In the witty tone that made Phil Doran a success as a writer in Hollywood, "The Reluctant Tuscan will captivate a wide audience, from those who simply love a captivating travel narrative to anyone who loves the quirky humor of Bill Bryson, Dave Barry, and Jerry Seinfeld. After years of working on a string of successful sitcoms, Doran found that just as he and his peers had replaced the older guys when he was coming up, it was now happening to him. And it was freaking him out. He came home every night burned-out, angry, and exhausted. But even if he hadn't had enough, his wife, Nancy, had. After twenty-five years of losing her husband to Hollywood, Doran's wife decided it was finally time for a change--so on one of her many solo trips to Italy she surprised her husband by purchasing a broken-down three-hundred-year-old farmhouse for them to restore. "The Reluctant Tuscan is the author's transition from a successful but overworked writer-producer in Hollywood to someone rediscovering himself and his wife while in Italy, finding happiness in the last place he expected to. Doran finds himself navigating through the maddening labyrinth of Italian bureaucracy just to get a road paved to their house; dealing with the foibles of their neighbors and the tangled drama of the family who sold them the home; coming to accept that the Italians live with a million laws and no rules--all while he becomes slowly seduced by the inexhaustible beauty and tactile pleasures of Tuscany.

Reviews 3

Booklist Review

In funny, breezy, offhand prose, yet one more American discovers the pleasures and pains of restoring a superannuated, bucolic Tuscan dwelling. A writer-producer of television series, Doran moves from Los Angeles to Tuscany at the behest of his interior-decorator wife and begins to live out his own Italian-inflected version of Green Acres. Having been suborned into purchase of Tuscan real estate that no right-thinking Italian would dream of buying, Doran gradually succumbs to the Tuscan lifestyle of constant wondrous meals punctuated with siestas. The taste of a grape and a plate of local pasta weave increasingly tight bonds about him. Despite civic opposition to his wife's road-building efforts and the locals' endearingly duplicitous dealings with them, Doran finds himself drawn to all the sensuous pleasures Tuscany offers. Doran has an eye for the telling personal detail, and he knows how to set up a scene for maximum comic impact.

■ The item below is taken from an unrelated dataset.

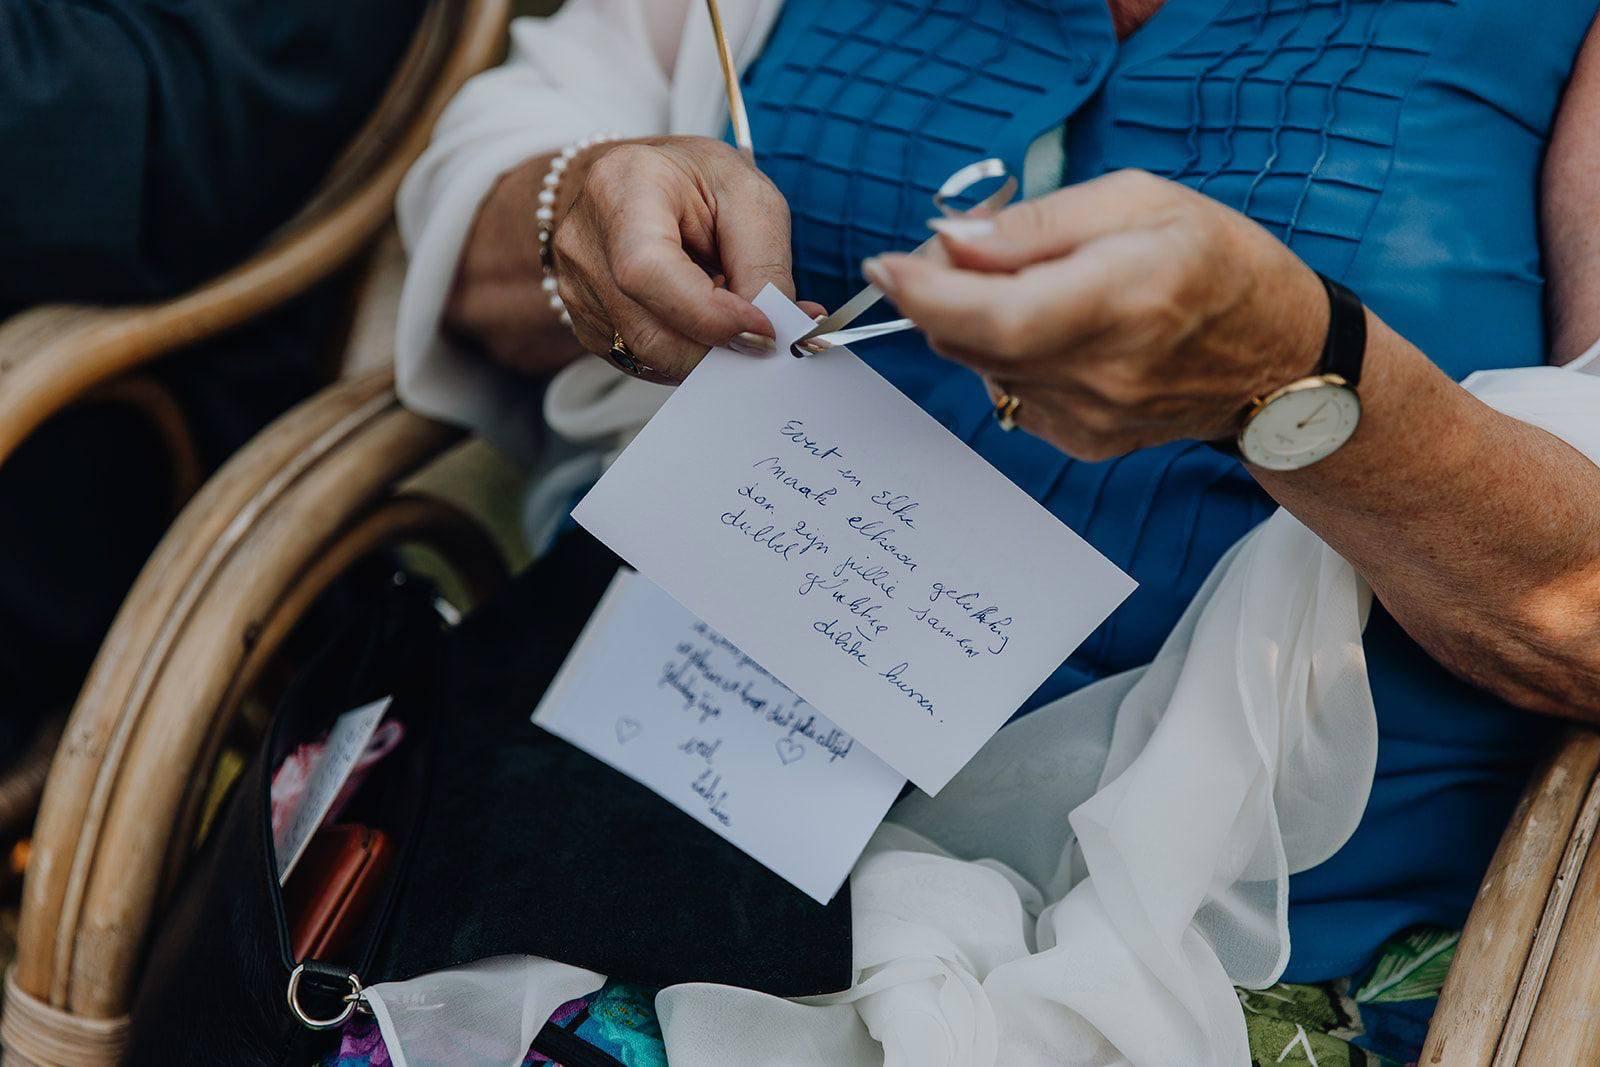 Event'L Ceremonie - Fotograaf Lux Visual Storytellers - House of Weddings 16

This well-crafted book could easily pass for a television series treatment. All that is missing is a laugh track. --Mark Knoblauch Copyright 2005 Booklist

Publisher's Weekly Review

Readers of Doran's amusing memoir about relocating from Los Angeles to the tiny Tuscan town of Cambione must first suspend their disbelief that a person in his right mind would actively resist such an opportunity. But resist Doran does-and when his sculptor wife buys a ramshackle, 300-year-old house there on a whim, she must drag him kicking and screaming out of his high-stress, low-reward life as a Hollywood writer and producer (among his hits: Who's the Boss? and The Wonder Years). What follows is rather predictable: the house turns out to be in even worse shape than anyone imagined, and the construction crew has no "discernable pattern" when it comes to showing up for work. Lines like "Things happen in Italy that don't happen anywhere else on earth. A magical friendliness is spread all over the place like pixie dust" don't do much to distinguish Doran's story from other books of its ilk, but the author's grudging optimism and dead-on ear for dialogue certainly do. Doran's brutally funny accounts of tangles with everyone (including the mayor, the police, an inefficient landlord and Doran's long-suffering wife) are enough to keep readers hooked until the last page. It may not be a surprise that he lives happily ever after, but how he gets there is certainly worth the ride. Agent, Betsy Amster. (Apr.) (c) Copyright PWxyz, LLC. All rights reserved

Library Journal Review

After spending 25 years writing and producing popular television shows like Who's the Boss? and The Wonder Years, Doran was approached by his wife, who thought he needed a change. Her proposal: restore a house in Italy and leave the stress (and success) of Los Angeles behind. Doran agrees, but only grudgingly; thus this story is born. It is as much about Doran's struggle with a television industry that considers him a "relic" and his fight to reconnect with his wife as it is about restoring a 300-year-old farmhouse in a small Italian village chock-full of colorful characters and plenty of bureaucracy. Doran handles all of it with curmudgeonly wit that is the book's greatest strength. With the recent popularity of Frances Mayes's Under the Tuscan Sun and the companion movie, Doran's title may prove appealing to patrons looking for a more sardonic take on life, love, marriage, retirement, and Tuscany. Recommended for public libraries.-Mari Flynn, Keystone Coll., La Plume, PA (c) Copyright 2010. Library Journals LLC, a wholly owned subsidiary of Media Source, Inc. No redistribution permitted.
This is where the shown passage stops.